Bukan cuma pengguna, bahkan IWS pernah berpengalaman sebagai pengedar. Tak tanggung-tanggung, ia edarkan barang haram itu kala mendekam di sebuah lembaga pemasyarakatan pada 2008 silam.
“Itu mengapa keberadaan rehabilitasi menjadi penting di Lapas,” kata dia.
Tak tersisa
IWS mengaku beruntung, lantaran pilihannya untuk mengabdi sebagai konselor adalah hal yang paling menyelamatkan nyawa dan kehidupannya. “Juga menyelamatkan teman-teman lain. Karena mereka cenderung lebih mendengarkan penjelasan dari orang-orang yang pernah mengalami senasib, dibanding dari sekadar seorang ahli,” kata dia.

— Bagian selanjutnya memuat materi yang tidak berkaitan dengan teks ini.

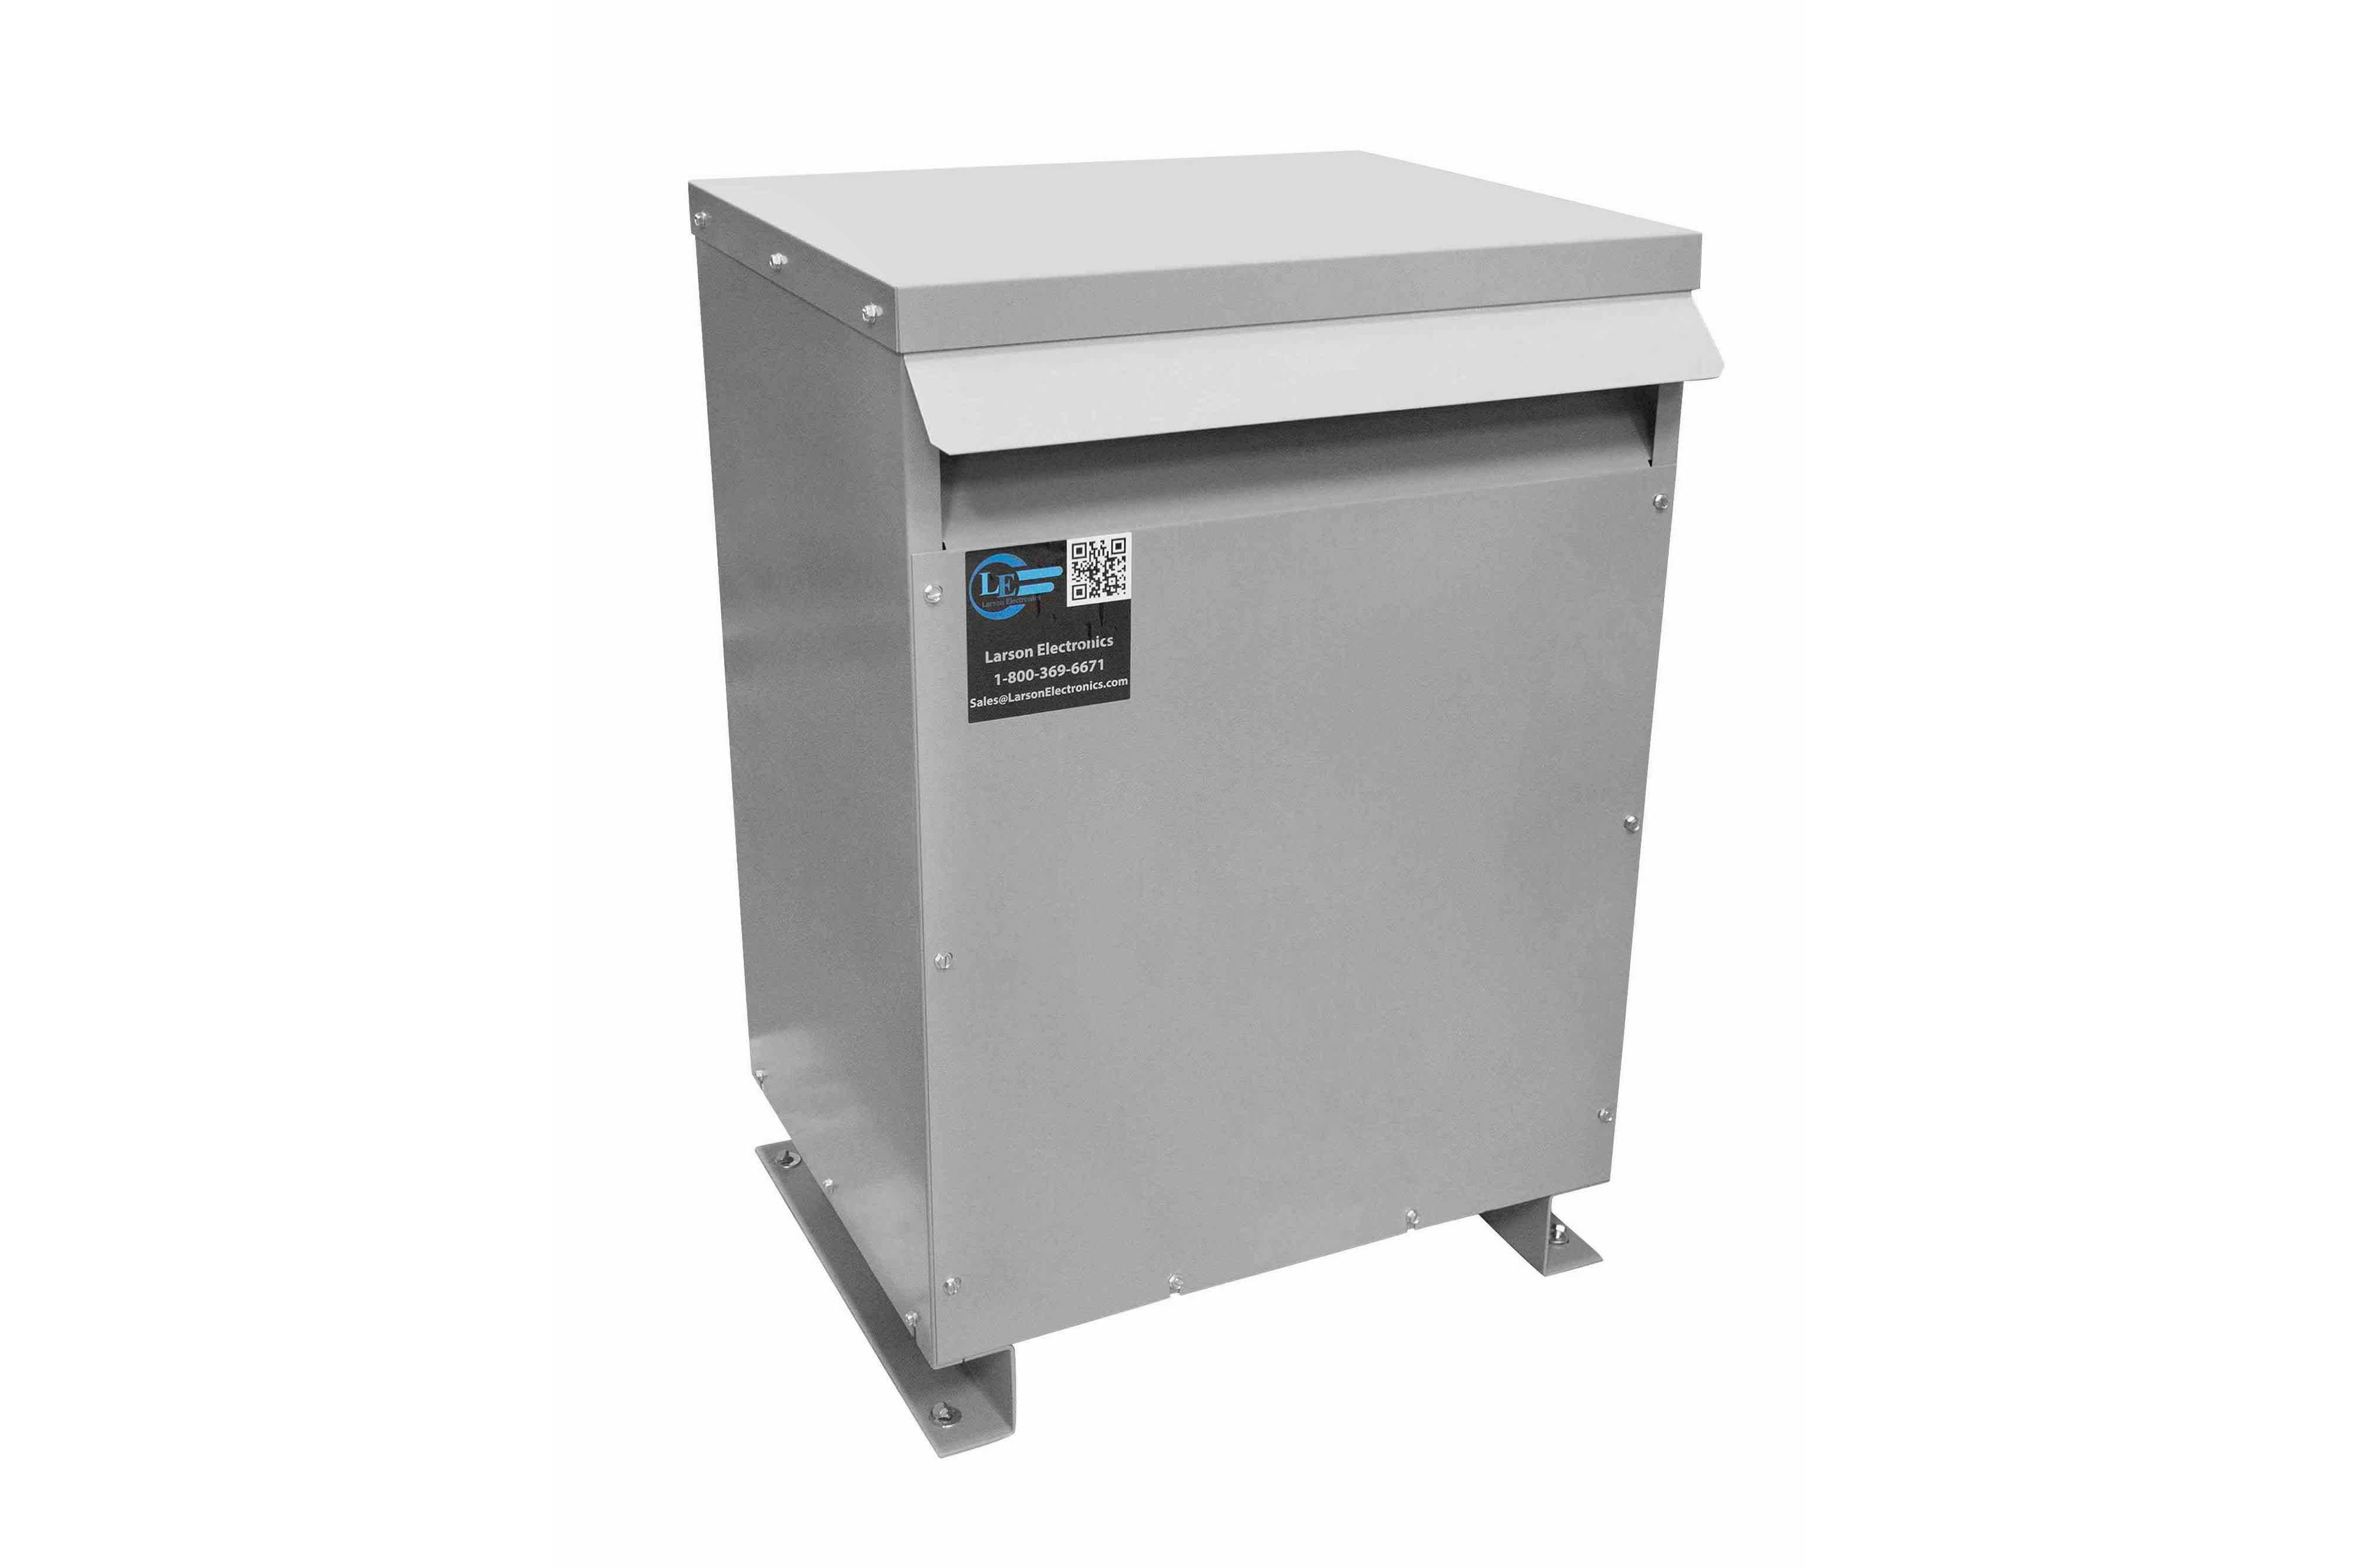 70 kVA 3PH Isolation Transformer, 230V Wye Primary, 208Y/120 Wye-N Secondary, N3R, Ventilated, 60 Hz

Tak jauh berbeda dari IWS, ialah kisah Candra Wijaya. Pria yang tak gamang mempersilakan nama aslinya ditulis ini memiliki pengalaman rehabilitasi hingga mengantarkannya sebagai penyeru anti-narkoba di berbagai seminar.
Candra pun kini mengabdi sebagai konselor di Balai Besar Rehabilitasi (Babesrehab) Narkoba BNN yang terletak di Desa Wates Jaya, kecamatan Cigombong, Lido, Kabupaten Bogor, Jawa Barat.
Pria yang lulus dari Fakultas Ekonomi di perguruan tinggi swasta di Jakarta Timur pada tahun 2000 ini mengaku terjerumus dalam pemakaian barang haram sejak masa SMA. Pergaulan remaja yang tidak keruan membuatnya tertantang mencicipi aneka pil yang banyak diperjual-belikan kawan-kawan dekatnya.
“Itu tahun 1996. Pada 1997 saya overdosis ketika memakai putaw,” kata dia.

(MTVN/Sobih)
Sejak itu, kata dia, kehidupannya kian rusak. Bukannya kapok setelah diobati di salah satu rumah sakit ketergantungan obat (RSKO) di Jakarta, ia malah terjerumus lebih dalam hingga menjajal jenis narkoba lainnya, termasuk shabu.
“Sampai-sampai saya harus menjadi kernet bus kota demi mendapatkan uang tambahan,” kata Candra yang mengaku berasal dari keluarga berkecukupan itu.
Akhirnya Candra harus terima ketika pihak keluarga memaksanya menjalani proses rehabilitasi. Setelah selesai, seiring berhasil menuntaskan kuliah, ia memutuskan untuk menikahi gadis yang sudah lama ia taksir.
“Nahasnya, setelah menikah saya kembali terjerumus. Mungkin saat itu karena saya makin mapan setelah diangkat PNS. Pada 2013, saya masuk ke Babesrehab,” ujar Candra.
Sebab narkoba, nyaris seluruh harta yang ia miliki habis terkuras percuma. Ia juga merasa penuh penyesalan lantaran hampir keluarga dan anaknya.
“Setelah usai rehabilitasi, saya merasa menemukan kenyamanan di Babesrehab. Maka saya memutuskan untuk mengabdi di sini,” kata dia.
Lepas dari jerat narkoba, ujar Candra, harus didukung banyak hal. Di antaranya, sistem rehabilitasi yang baik, niat dan tekad dalam diri pecandu itu sendiri, “Terlebih dukungan keluarga tercinta,” kata dia.